Chiffonade the basil and mix with the papaya. Chop the tarragon and mix with the shredded salmon.
Take a 16 oz plastic cup -- you know, a "beer cup" -- and cut out the bottom. Grease the inside with nonstick spray or olive oil. Turn the cup upside down on a flat-bottomed plate or bowl. Drop a few tablespoons of each mixture into the cup and pack it down gently with the spoon. We alternated the orange layers with the non-orange layers like so:
- Orange bell pepper
- Pea shoots
- Bacon bits
- Orange tomatoes
- White bean ragout
- Papaya/basil mixture
- Savoy Cabbage
- Salmon/tarragon mixture
But of course most any order will do. Spoon the dressing around the sides of the cup and gently remove the cup. The resulting tower is surprisingly stable and very impressive.

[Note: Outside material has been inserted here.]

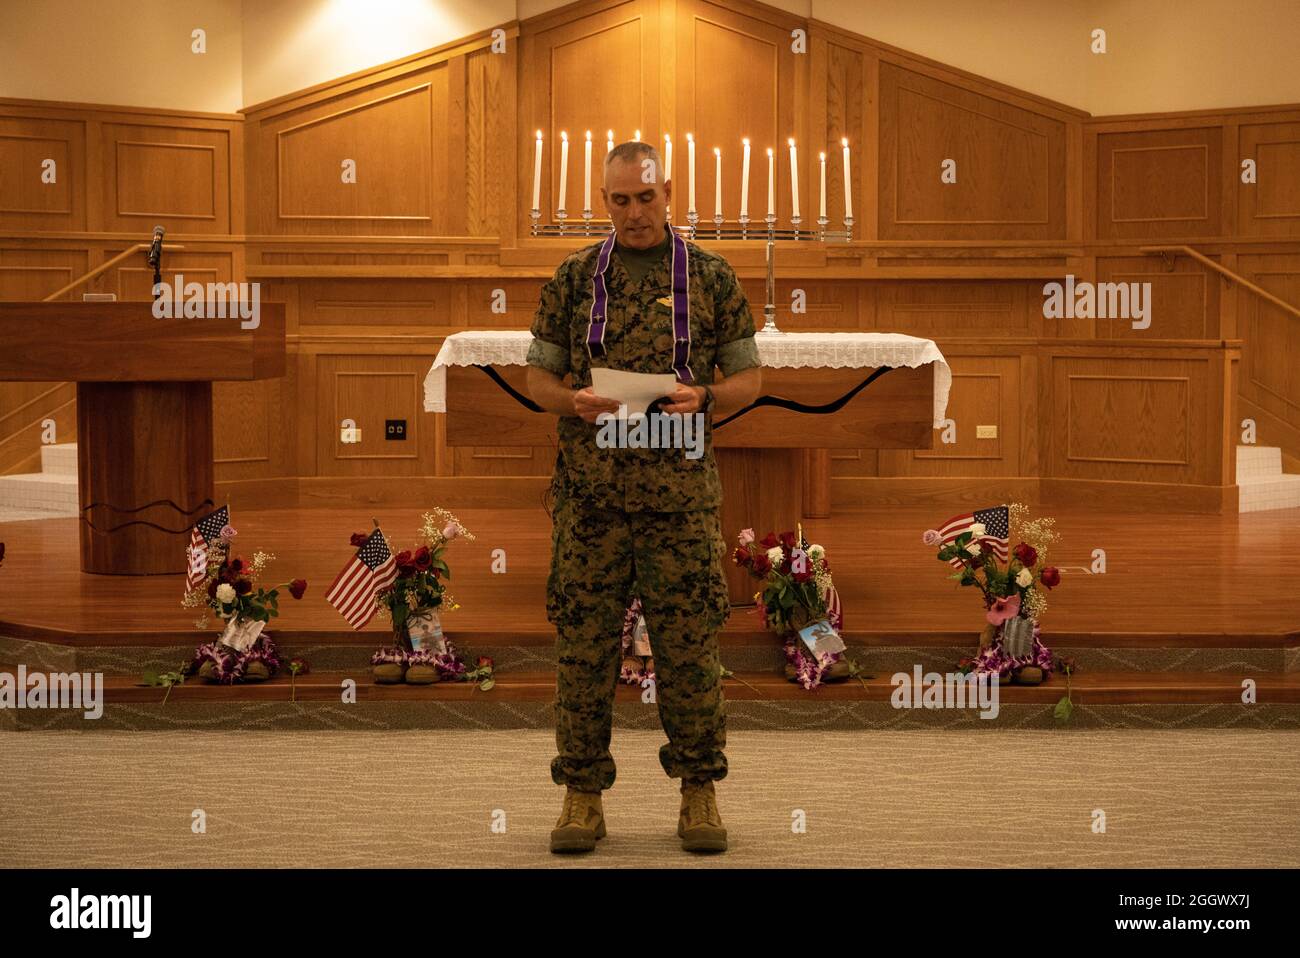 U.S. Navy Cmdr. Edward M. Gorman, base chaplain, Marine Corps Base Hawaii, leads a memorial prayer service and candlelight vigil aboard MCBH, Aug. 29, 2021. The event was held to honor and remember the 13 service members who were killed in Afghanistan on Aug. 26, 2021. (U.S. Marine Corps photo by Gunnery Sgt. Orlando Perez) Stock Photo
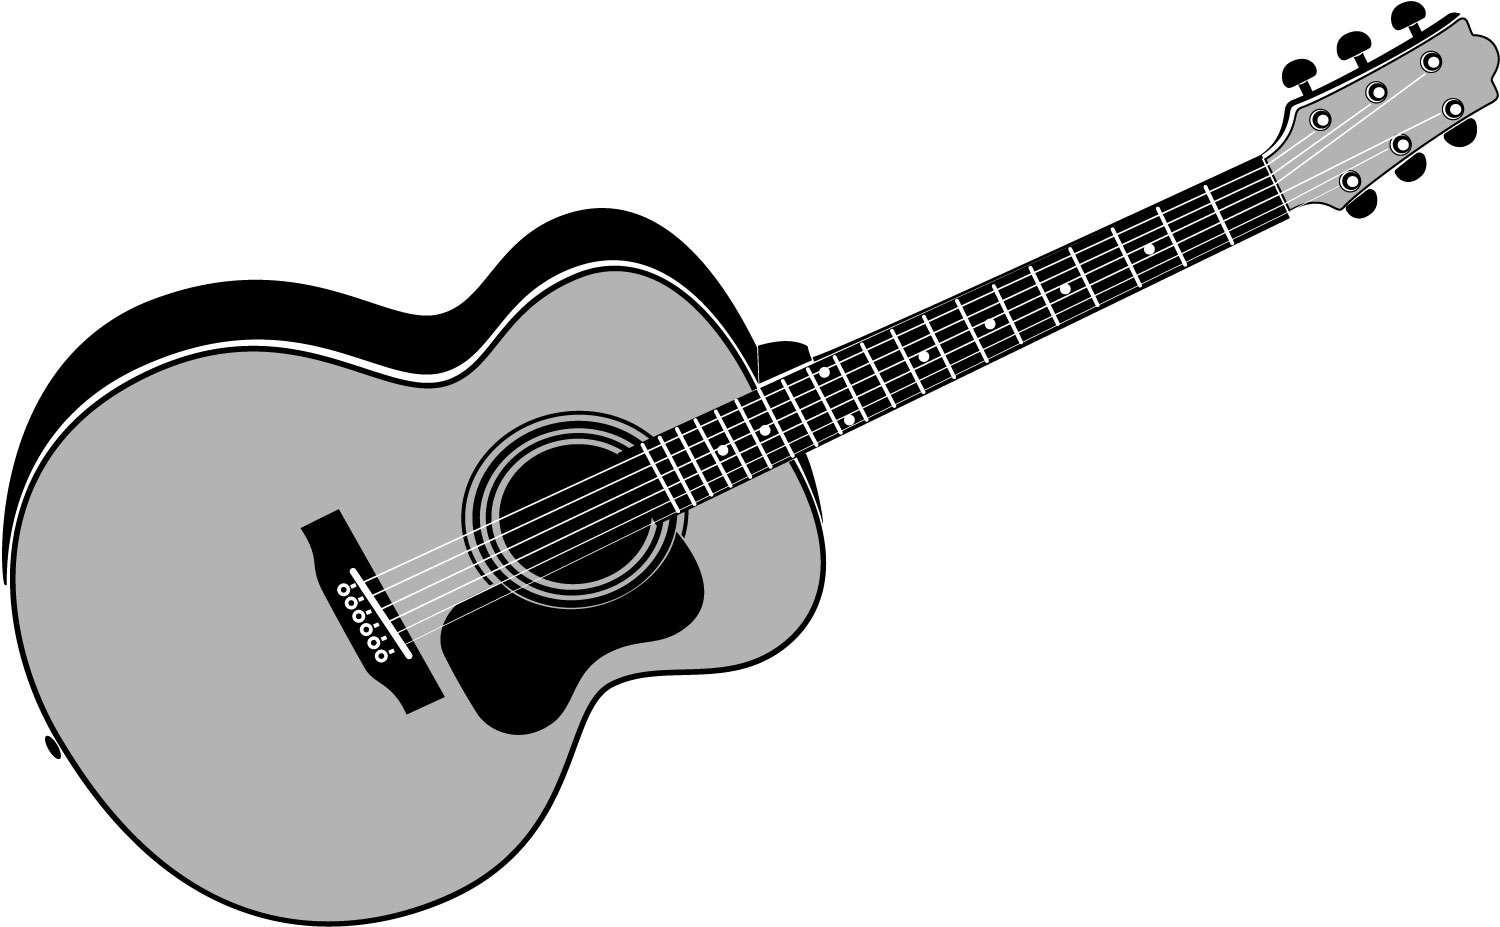 Guitar clipart free music graphics image 0

The 16 oz. cup results in a relatively large salad. If you're serving this as part of a three or four (or more) course meal, you may wish to use a smaller cup.
White Bean Ragout:
- 1 can Cannelloni beans (or other white beans)
- 3 tbsp "bacon bits" (see above)
- 2 sprigs of thyme
- 4 cloves of garlic, finely diced
- 1/2 cup stock
Saute the garlic for 4 minutes in 1 tbsp of olive oil. Add the beans, the stock, the thyme, and the bacon and cook over a medium heat for about 5-8 minutes or until the bean mixture begins to thicken.
Curried (Orange) Tomato Dressing:
- 6 cloves of garlic, rough chopped
- 1/2 of a sweet onion, diced
- 8 (orange) tomatoes, rough chopped
- 20 or 30 coriander pods
- 3 cardamom pods
- 20 or 30 cumin seeds
- 3 or 4 peppercorns
- 2 sprigs of thyme
- 1 cup dry white wine
- 1/2 cup vegetable stock
- apple cider vinegar
Toast the spices in a dry pan until you can smell them. Grind them using a mortar and pestle or a spice grinder.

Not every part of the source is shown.